## Visualization and Explainability of Sequential Model

In this notebook, I'll try to visualize model outcomes and their explainability. Eventually, I'll generalize the codes and convert them to scripts. 

In this notebook, I'm going to load a `DistilBert` language model for disaster tweet classification task and try to explain the outcomes with `SHAP`. The purpose of using a language dataset and model is that, it is easier to understand and visualize. Later, I'll focus on the explainability task of other sequential data types. 

In [20]:
import gc
import numpy as np
import torch
from config import *
import pandas as pd
from sklearn.model_selection import train_test_split
from DisasterDataset import DisasterDataset
from torch.utils.data import DataLoader
from train_module import train_val_class
from torch import nn, optim 
from transformers import DistilBertTokenizer,DistilBertForSequenceClassification, TextClassificationPipeline
import shap
from matplotlib import pyplot as plt

In [4]:
def score_and_visualize(pipe, text):
  prediction = pipe([text])
  print(prediction[0])
  explainer = shap.Explainer(pipe)
  shap_values = explainer([text])
  shap.plots.text(shap_values)
  # shap.plots.bar(shap_values, order=shap.Explanation.argsort)
  return shap_values


In [5]:
import argparse
import numpy as np
import torch
import glob

# compute rollout between attention layers
def compute_rollout_attention(all_layer_matrices, start_layer=0):
    # adding residual consideration- code adapted from https://github.com/samiraabnar/attention_flow
    num_tokens = all_layer_matrices[0].shape[1]
    batch_size = all_layer_matrices[0].shape[0]
    eye = torch.eye(num_tokens).expand(batch_size, num_tokens, num_tokens).to(all_layer_matrices[0].device)
    all_layer_matrices = [all_layer_matrices[i] + eye for i in range(len(all_layer_matrices))]
    matrices_aug = [all_layer_matrices[i] / all_layer_matrices[i].sum(dim=-1, keepdim=True)
                          for i in range(len(all_layer_matrices))]
    joint_attention = matrices_aug[start_layer]
    for i in range(start_layer+1, len(matrices_aug)):
        joint_attention = matrices_aug[i].bmm(joint_attention)
    return joint_attention

class Generator:
    def __init__(self, model):
        self.model = model
        self.model.eval()

    def forward(self, input_ids, attention_mask):
        return self.model(input_ids, attention_mask)
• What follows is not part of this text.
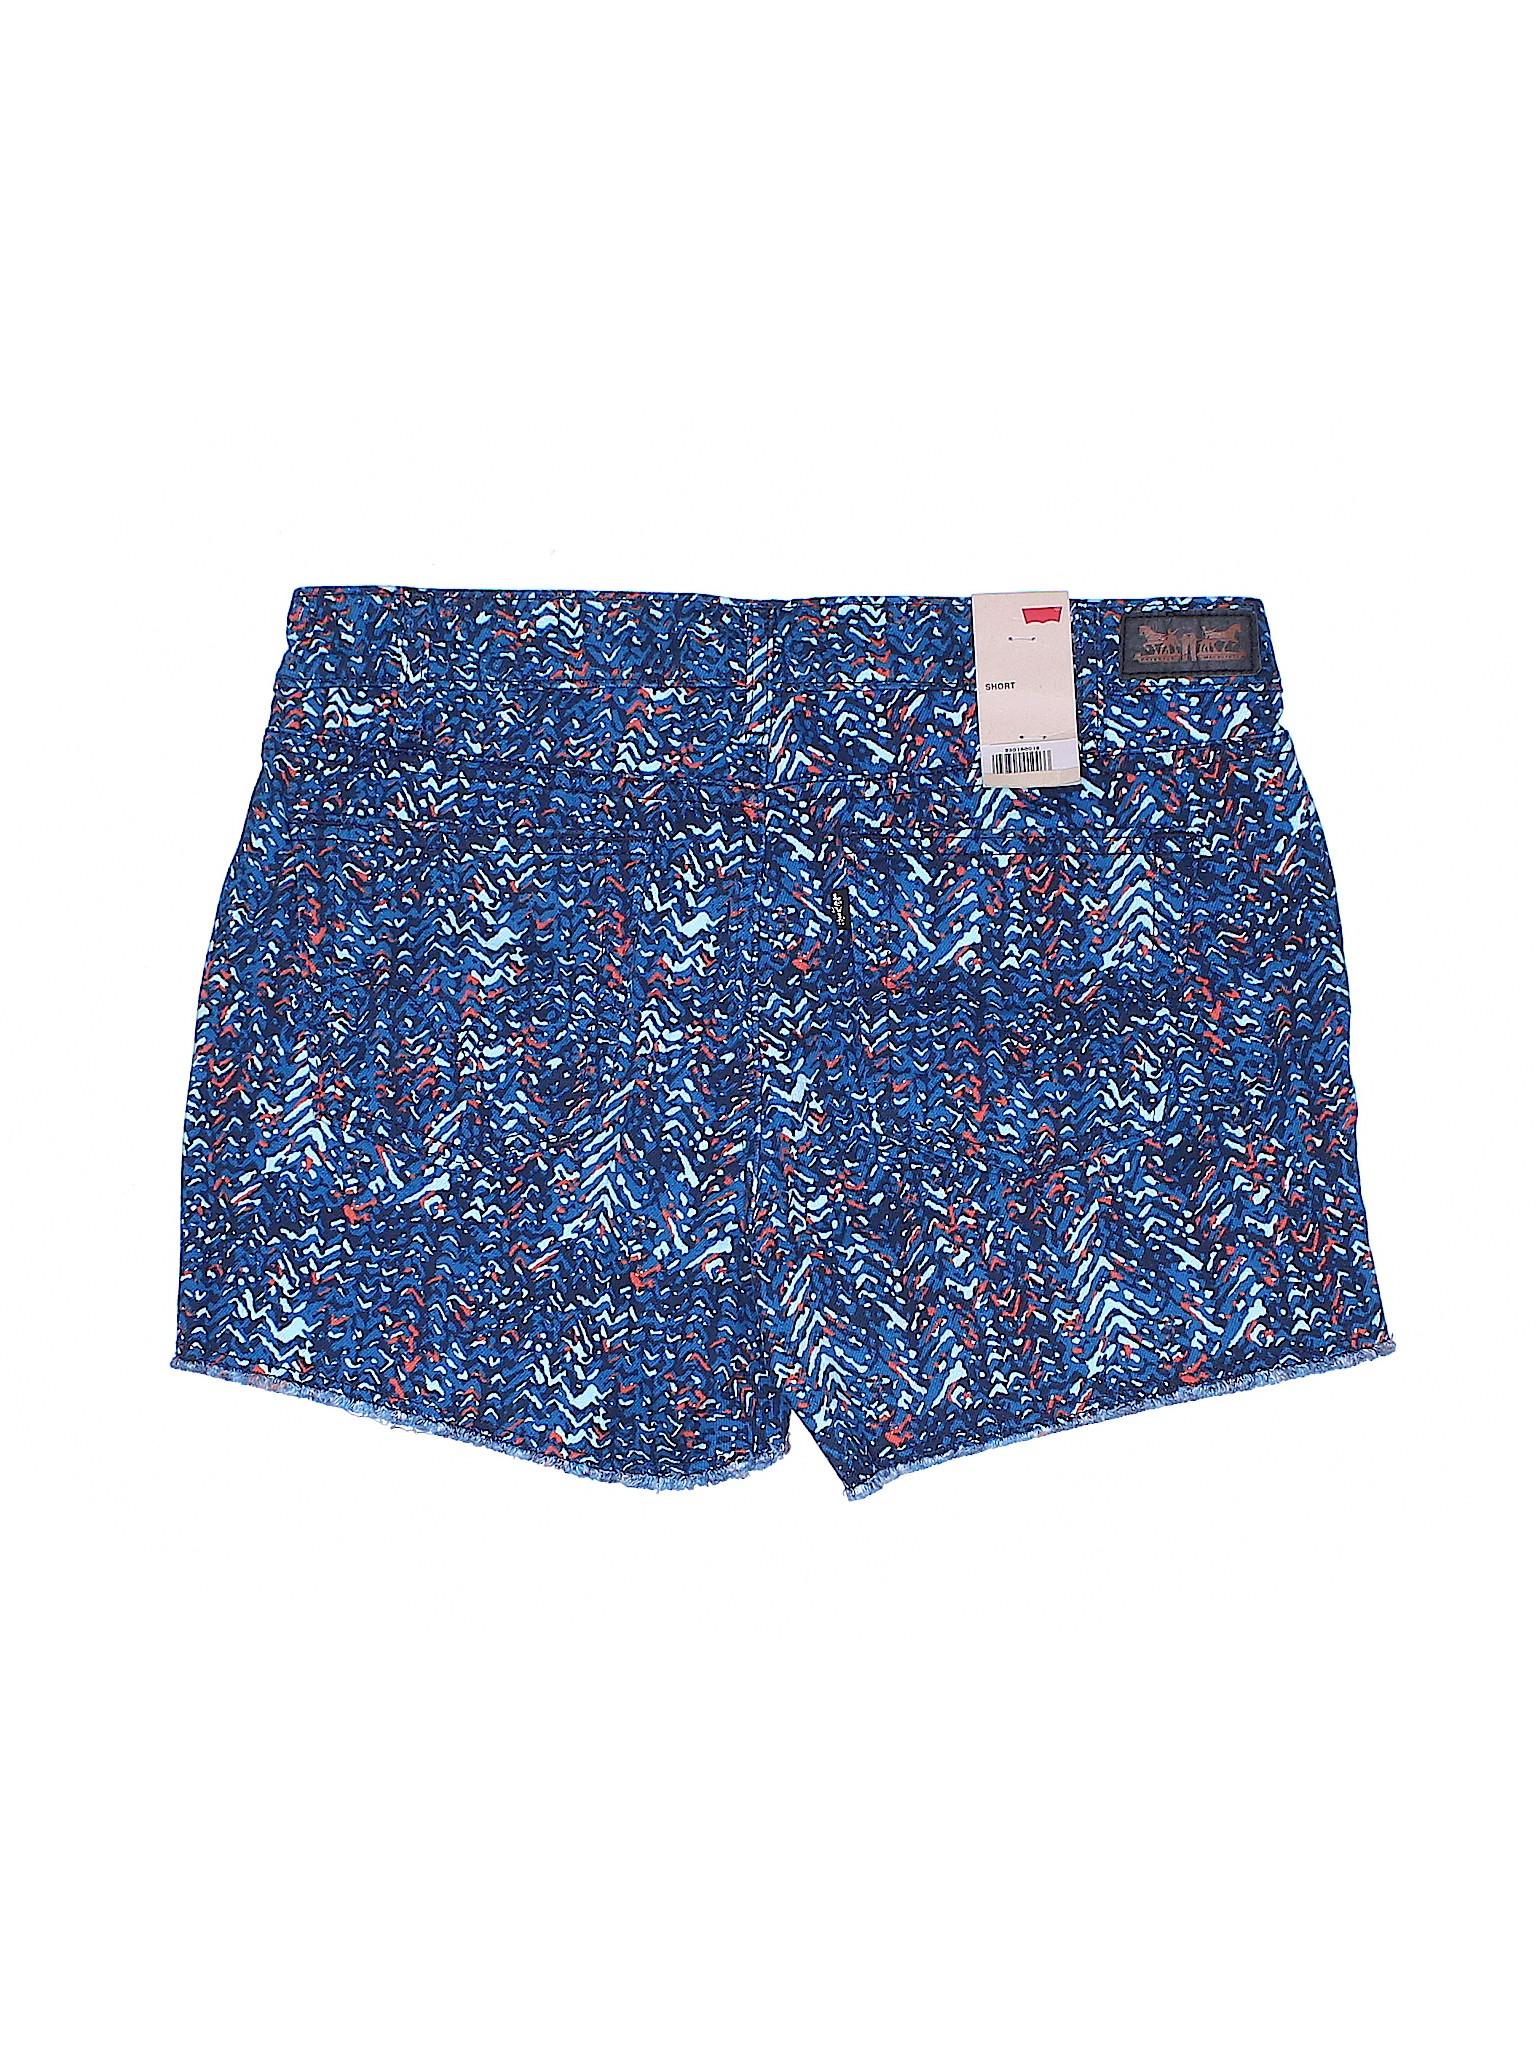 Levi's Leisure Denim Leisure winter winter Levi's Denim Shorts Shorts Leisure aZaC0

    def generate_LRP(self, input_ids, attention_mask,
                     index=None, start_layer=11):
        output = self.model(input_ids=input_ids, attention_mask=attention_mask)[0]
        kwargs = {"alpha": 1}

        if index == None:
            index = np.argmax(output.cpu().data.numpy(), axis=-1)

        one_hot = np.zeros((1, output.size()[-1]), dtype=np.float32)
        one_hot[0, index] = 1
        one_hot_vector = one_hot
        one_hot = torch.from_numpy(one_hot).requires_grad_(True)
        one_hot = torch.sum(one_hot.cuda() * output)

        self.model.zero_grad()
        one_hot.backward(retain_graph=True)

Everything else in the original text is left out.